Some categorical variables have unordered categories, such as race, gender, academic programs, political party affiliations etc.
Some categorical variables have ordered categories, such as class rank, levels of education etc.
Quantitative variables are variables that are expressed in numbers.
Note that not all numbers are truly numbers. Consider your credit card number and social security numbers. Are they really numbers? Why?
Also note that many variables can be measured both categorically and quantitatively.
Example 1.6
Suppose one of the main variables in a research study is how much formal education someone has had. This can be made either a categorical variable or a quantitative variable, depending on the specific research question and the feasibility of data collection:
As a categorical variable, it would contain values such as “high school dropout,” “completed high school,” “some college,” “Bachelor’s degree,” “Master’s degree,” and “Doctoral degree” etc.
As a quantitative variable, it can be measured in number of years.
1.5 Exercises
1.5.1 Identify main variables in research summaries
1.5.1.1 Grapefruit Lowers Weight
A grapefruit or two a day, along with a healthy diet, could help shrink widening waistlines. This finding comes from one of several studies on the benefits of citrus fruits presented Wednesday at the annual meeting of the American Chemical Society in Philadelphia.
The so-called grapefruit diet – which advocates mostly eating grapefruit with some protein – has been popular on and off for weight loss for years, said Dr. Ken Fujioka, director of nutrition and metabolism research at the Scripps Clinic in San Diego and lead author of a study evaluating grapefruit for weight loss. Most nutrition experts have deemed the grapefruit-and-protein regimen unhealthy, and Fujioka is not advocating any return to such a strict diet. However, his findings do suggest that a grapefruit or two each day, added to a balanced diet, might help the weight-conscious stay svelte.
In the study, Fujioka and his colleagues assigned 100 men and women who were obese to one of four groups.
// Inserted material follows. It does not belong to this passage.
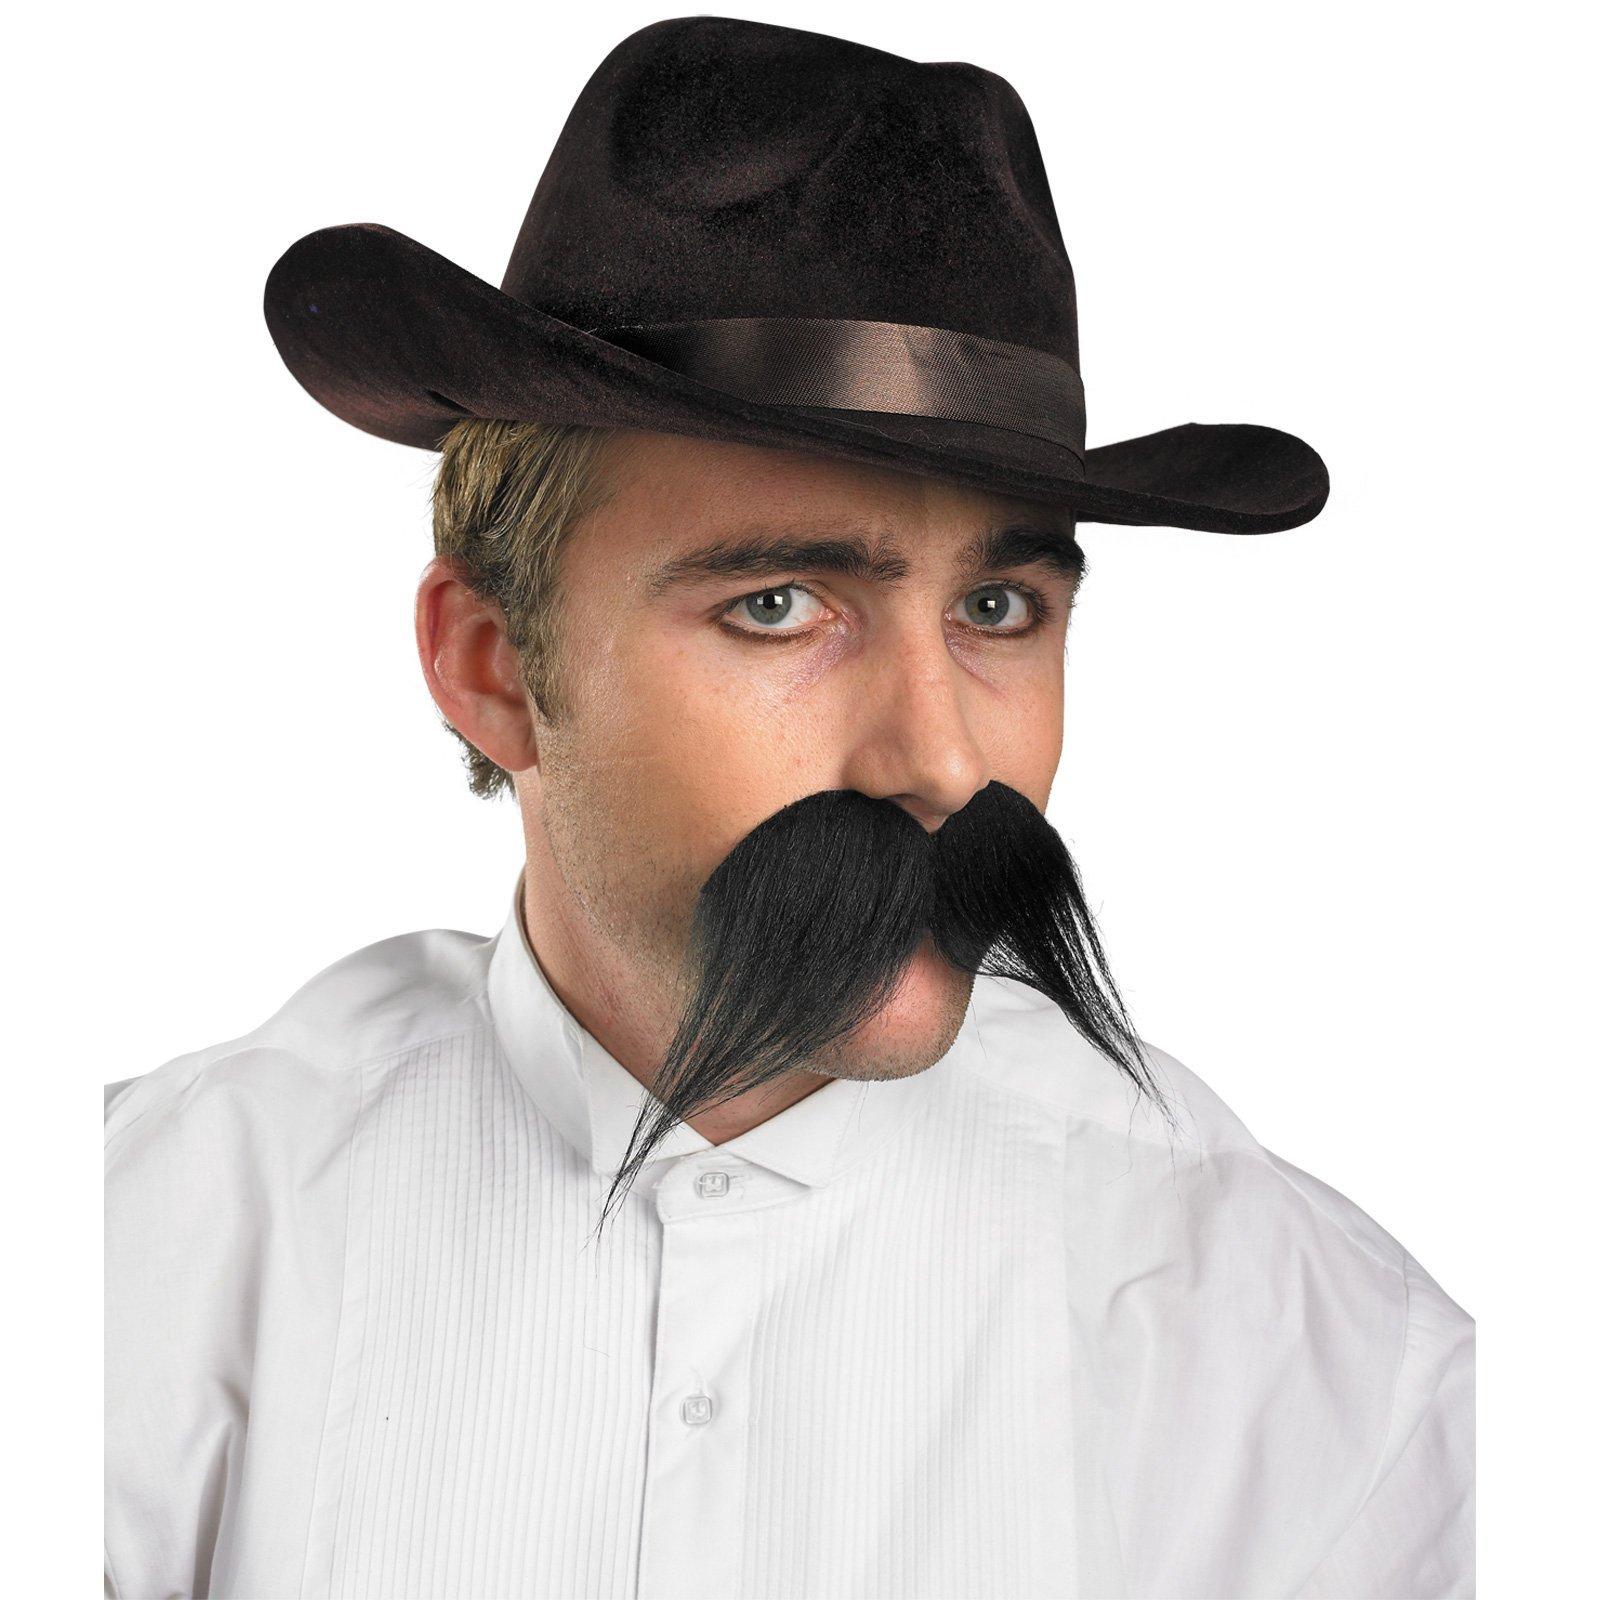 Disguise, Gambler Mustache, Adult

One group received grapefruit extract, another drank grapefruit juice with each meal, another ate half a grapefruit with each meal, while the fourth group received a placebo. “They weren’t trying to diet,” he said. “To make everyone even [on activity], all were asked to walk 30 minutes three times a week.”
At the end of 12 weeks the placebo group lost on average just under half a pound, the extract group 2.4 pounds, the grapefruit juice group 3.3 pounds, and the fresh grapefruit group 3.5 pounds.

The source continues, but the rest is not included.